— DESCRIPTION OF THE TASK —
Reproduce the whole listing that follows, character for character, and drop the images.

— AVAILABLE DATA —

________________

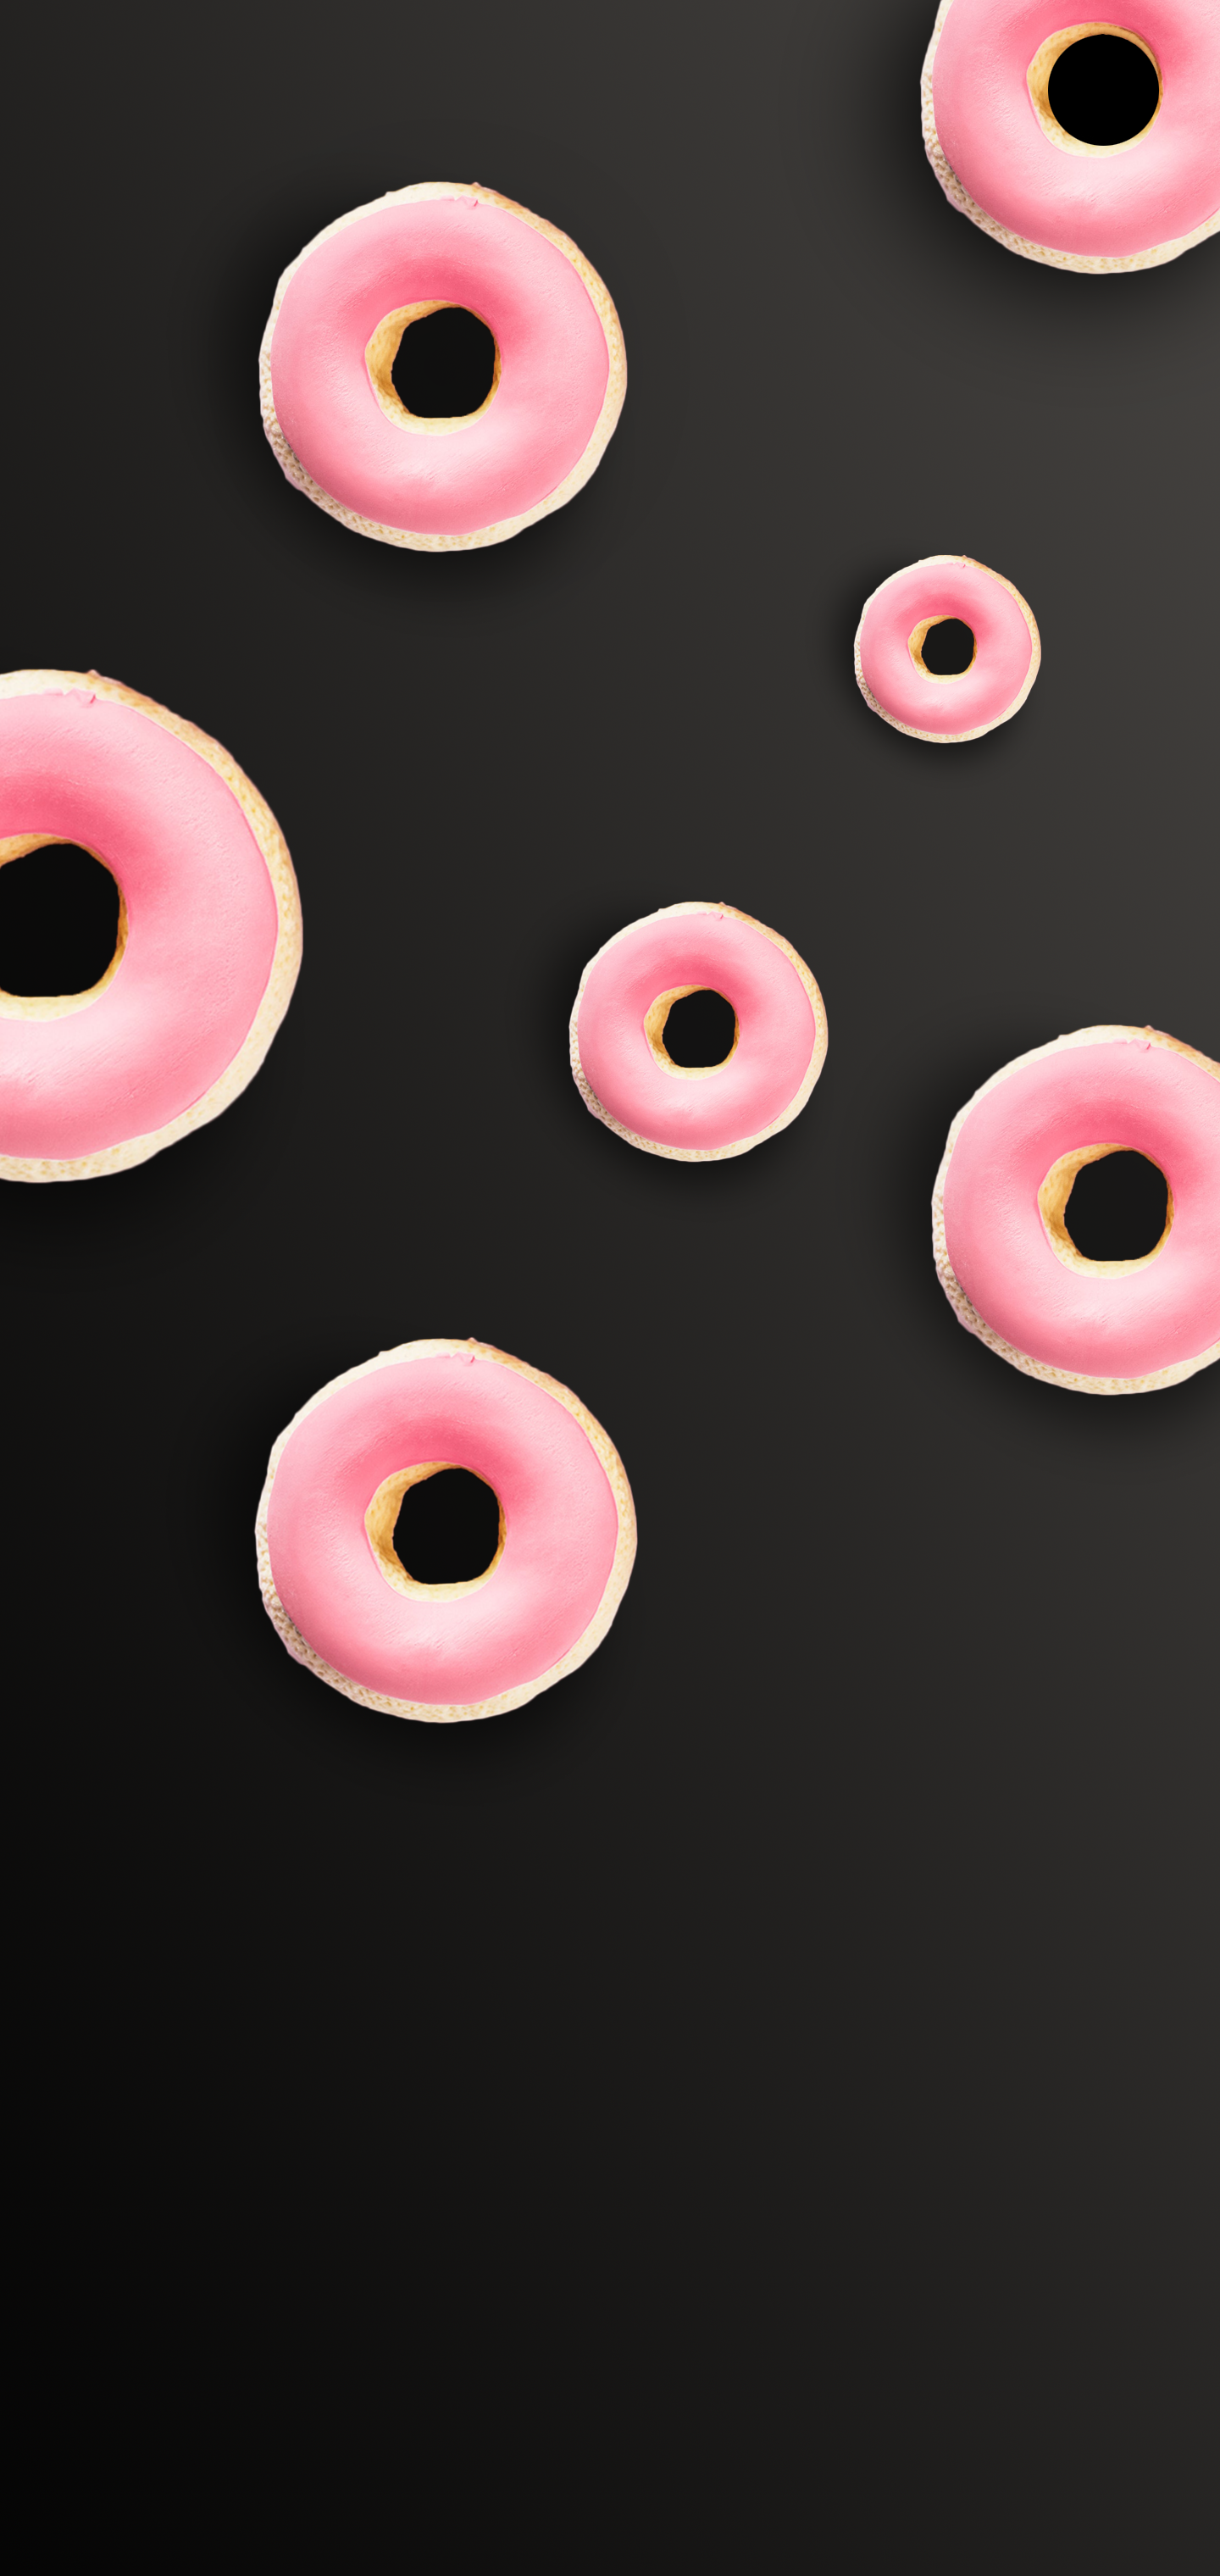 Doughnut wallpaper for Galaxy S10E, S10
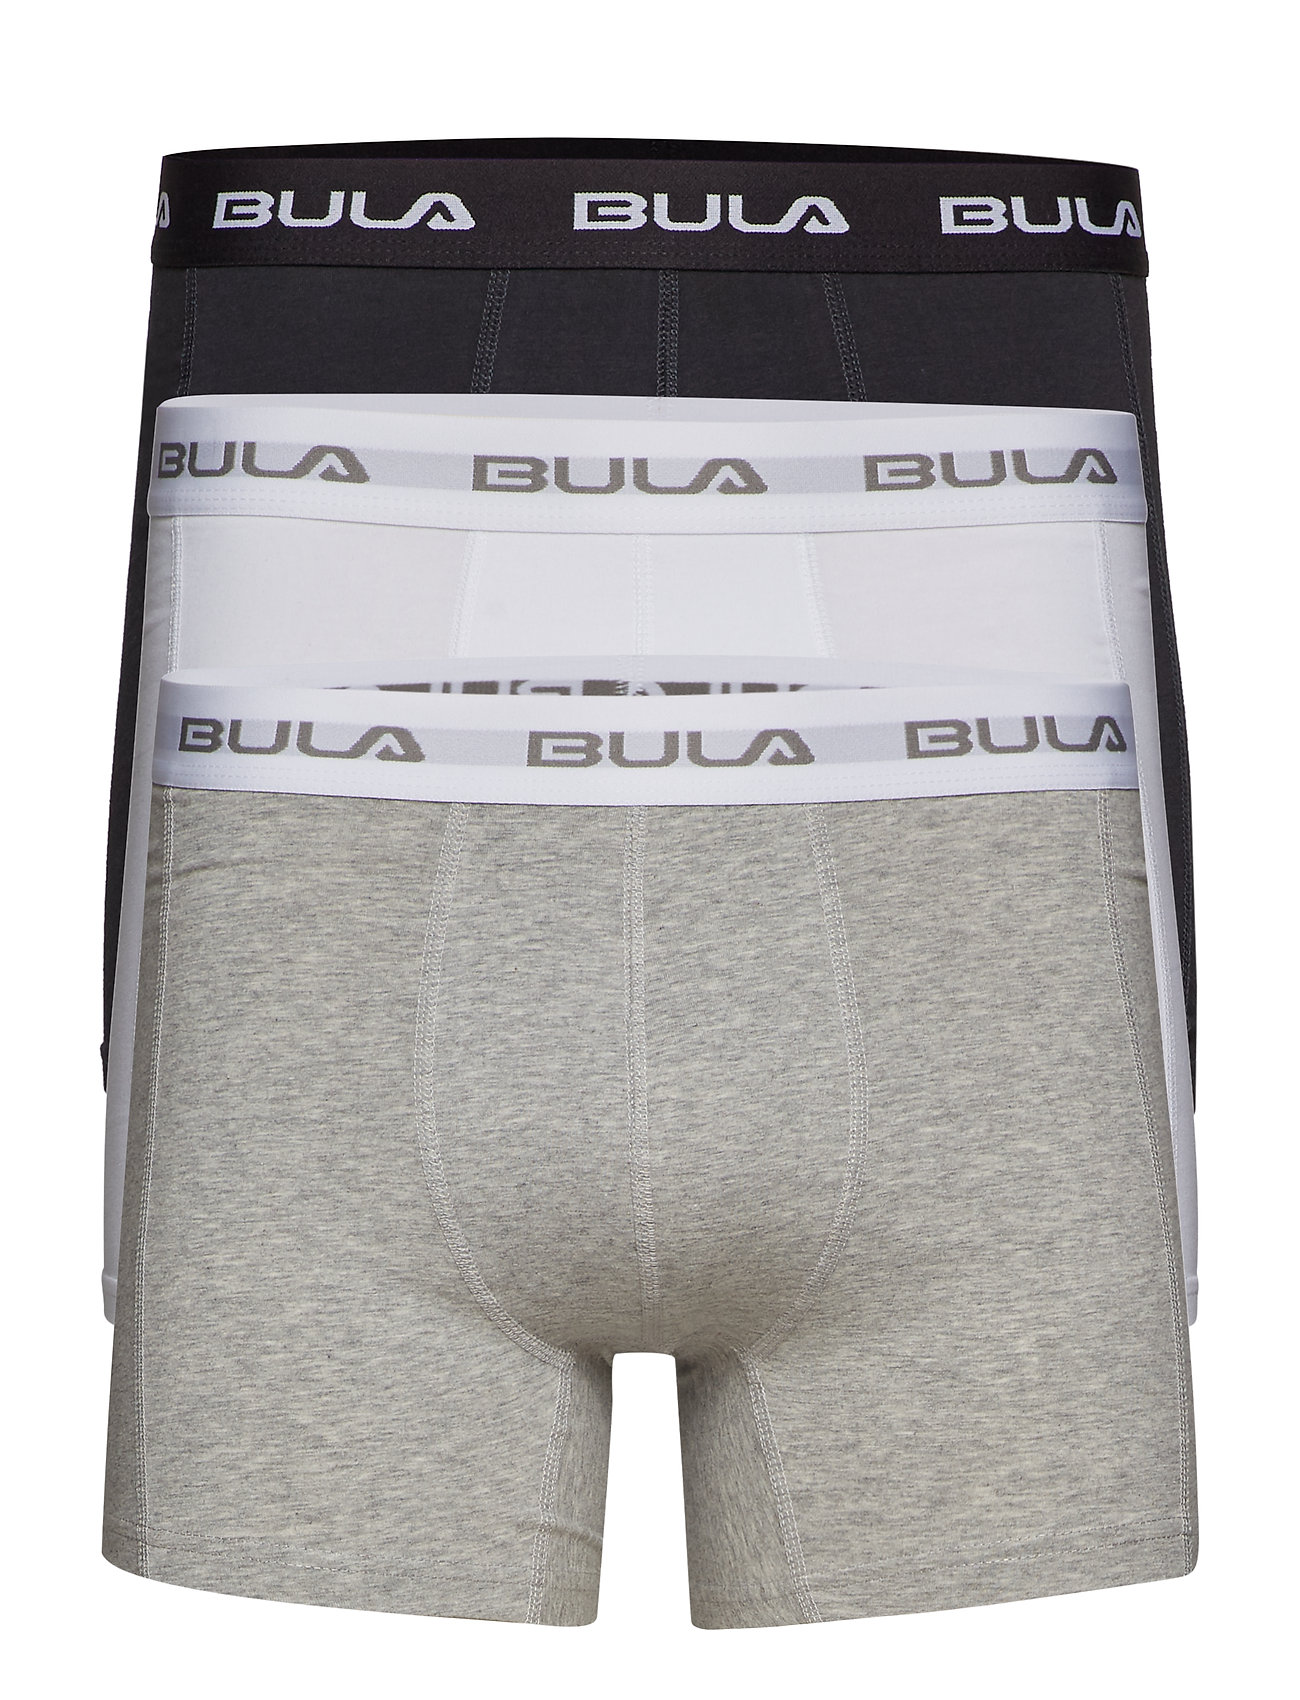 bula underwear
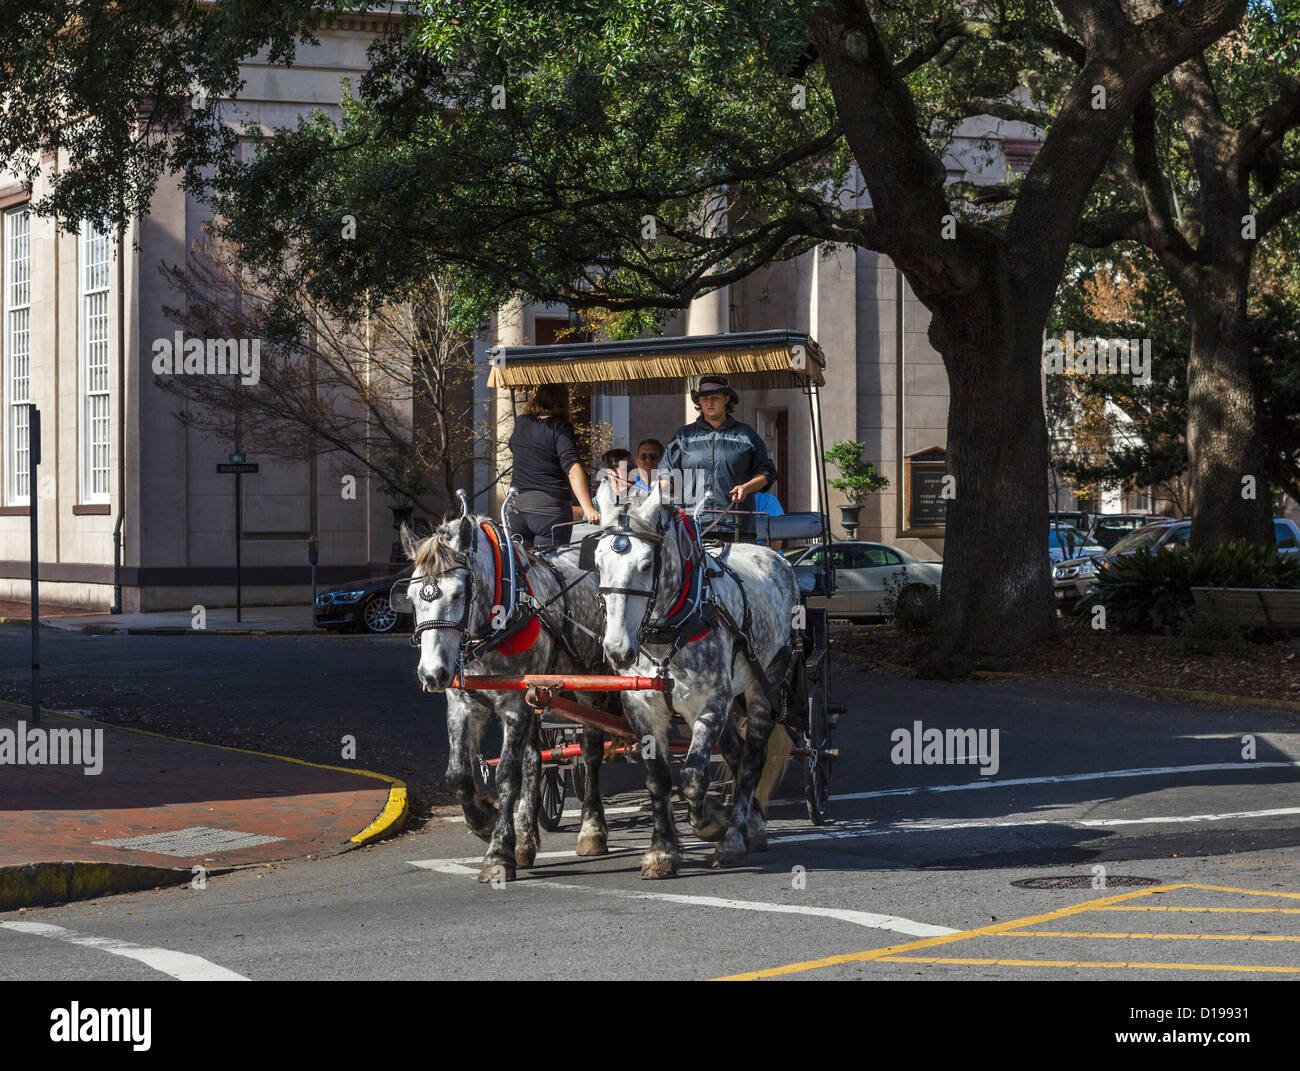 Paseo en carruaje tirado por caballos en el centro histórico de Savannah, Georgia, EE.UU. Foto de stock

________________

— OUTPUT —
 Doughnut wallpaper for Galaxy S10E, S10
 bula underwear
 Paseo en carruaje tirado por caballos en el centro histórico de Savannah, Georgia, EE.UU. Foto de stock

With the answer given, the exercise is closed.